With the new renovation, the center now has a glass-framed classroom “that overlooks a pond and the woods, inviting the outside in,” the Fairfax County Park Authority says.

The classroom includes a built-in kitchen that will be available for school groups as well as for private rentals. Additionally, there’s a new bilingual reading corner in honor of Hidden Oaks volunteer and retired county school teacher Jean Laub.

The updated Nature Playce, a wooded play area for young children, now has a workable water pump.

“Its non-pinch child-friendly features enable children of all ages to enjoy the wonders of water,” staff wrote.

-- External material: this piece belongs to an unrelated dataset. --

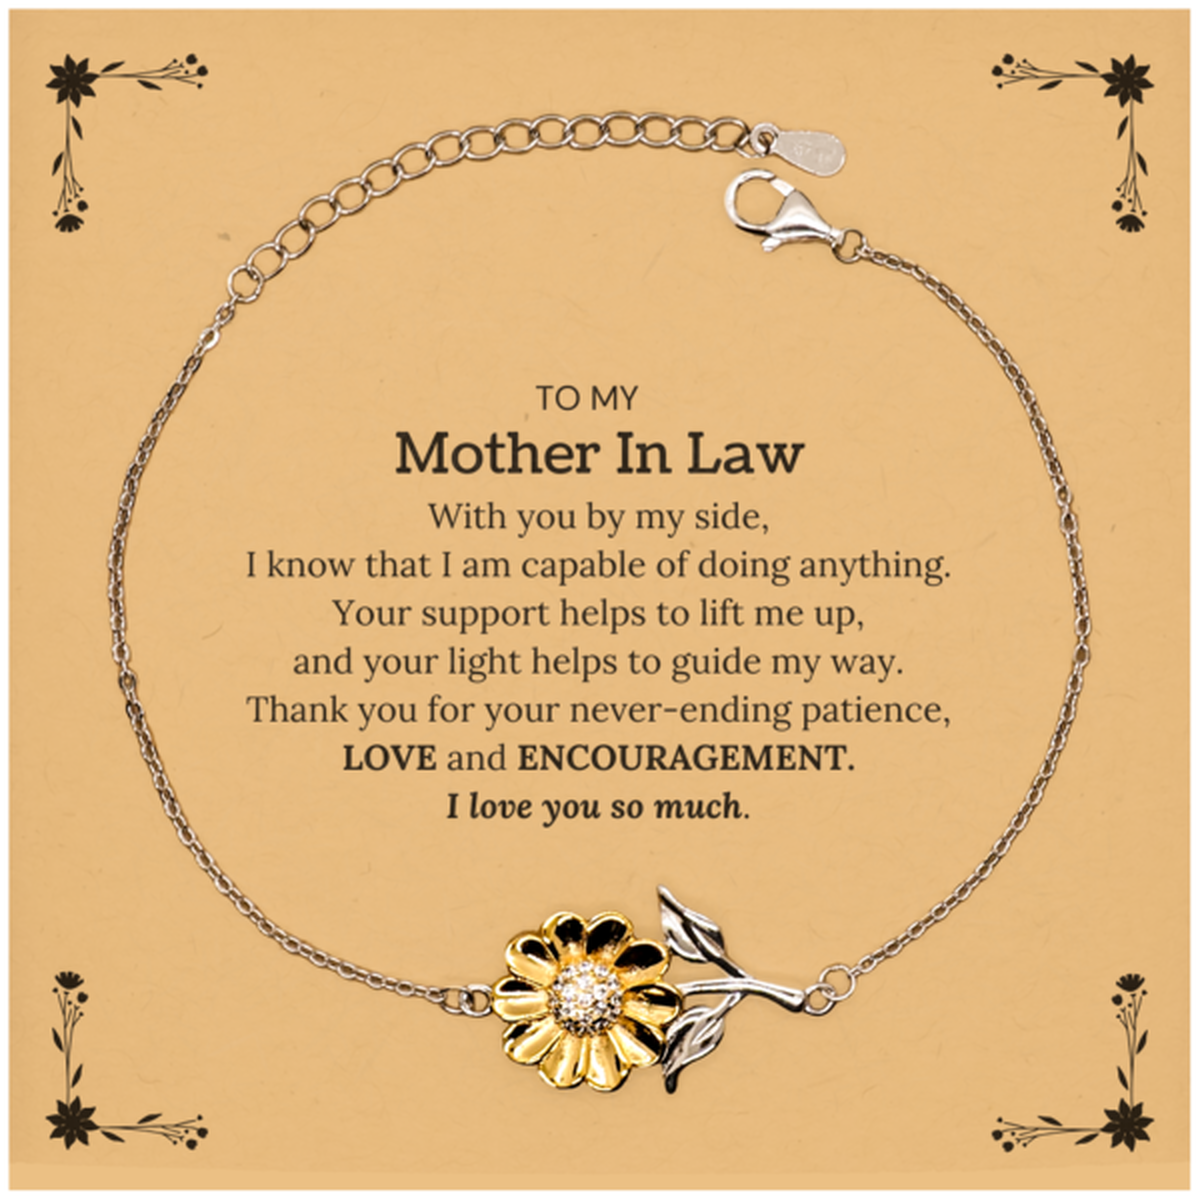 Appreciation Mother In Law Sunflower Bracelet Gifts, To My Mother In Law Birthday Christmas Wedding Keepsake Gifts for Mother In Law With you by my side, I know that I am capable of doing anything. I love you so much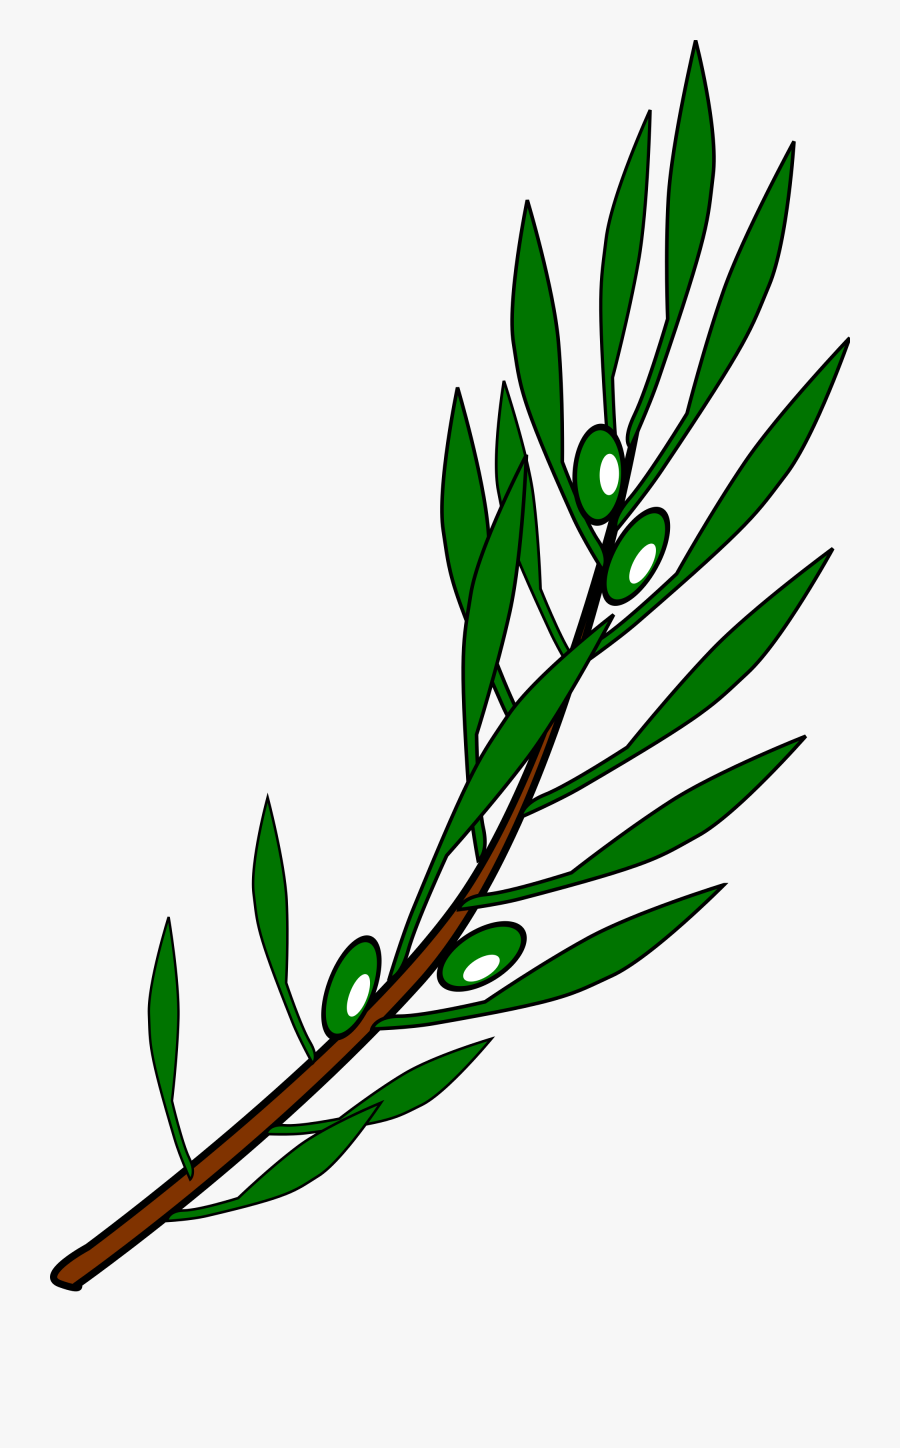 Olive Branch Vector Png - Olive Branch Drawing, Transparent Clipart

There are also two new outdoor interpretive trails with signage in English, Spanish, and Korean.

The original small pond — popular with wood frogs, American toads, and spotted salamanders — was replaced with a pond nearly double its size to provide “more teaching area.”

Earlier this year, an Eagle Scout project created two temporary small pools in the front and rear of the nature center to create amphibian breeding areas so that they’d eventually migrate to the new pond.

“Between the two pools, the wood frogs returned in similar numbers while the American toads and the spotted salamanders balked at the substituted water source,” nature center staff said.

The project faced a number of minor challenges, including the placement of a beloved carved woodland sculpture.

Several years ago, a 130-year-old, 100-foot-tall tulip poplar behind the center was struck by two bolts of lightning, which severely damaged the tree but didn’t destroy its base. Instead of completely knocking the tree down, the county commissioned a chainsaw artist to turn it into a wood sculpture featuring native animals, like raccoons, a fox, an owl, and a turtle.

“Due to [the sculpture’s] prominent location in the rear of the nature center, the ability to bring construction vehicles to the far side of the center was limited,” staff said. “To alleviate tree loss, the vehicles entered in a relatively narrow space between the existing nature center and Nature Playce.”

Despite “multiple delays of material delivery,” the project was still completed roughly on time and within budget, staff noted. With Covid restrictions now gone and the renovations done, Hidden Oaks staff could move a number of programs back inside, but that isn’t the current plan.

“Due to the popularity of classes in the last few years, more of the center’s programming will continue to be focused outdoors,” staff said.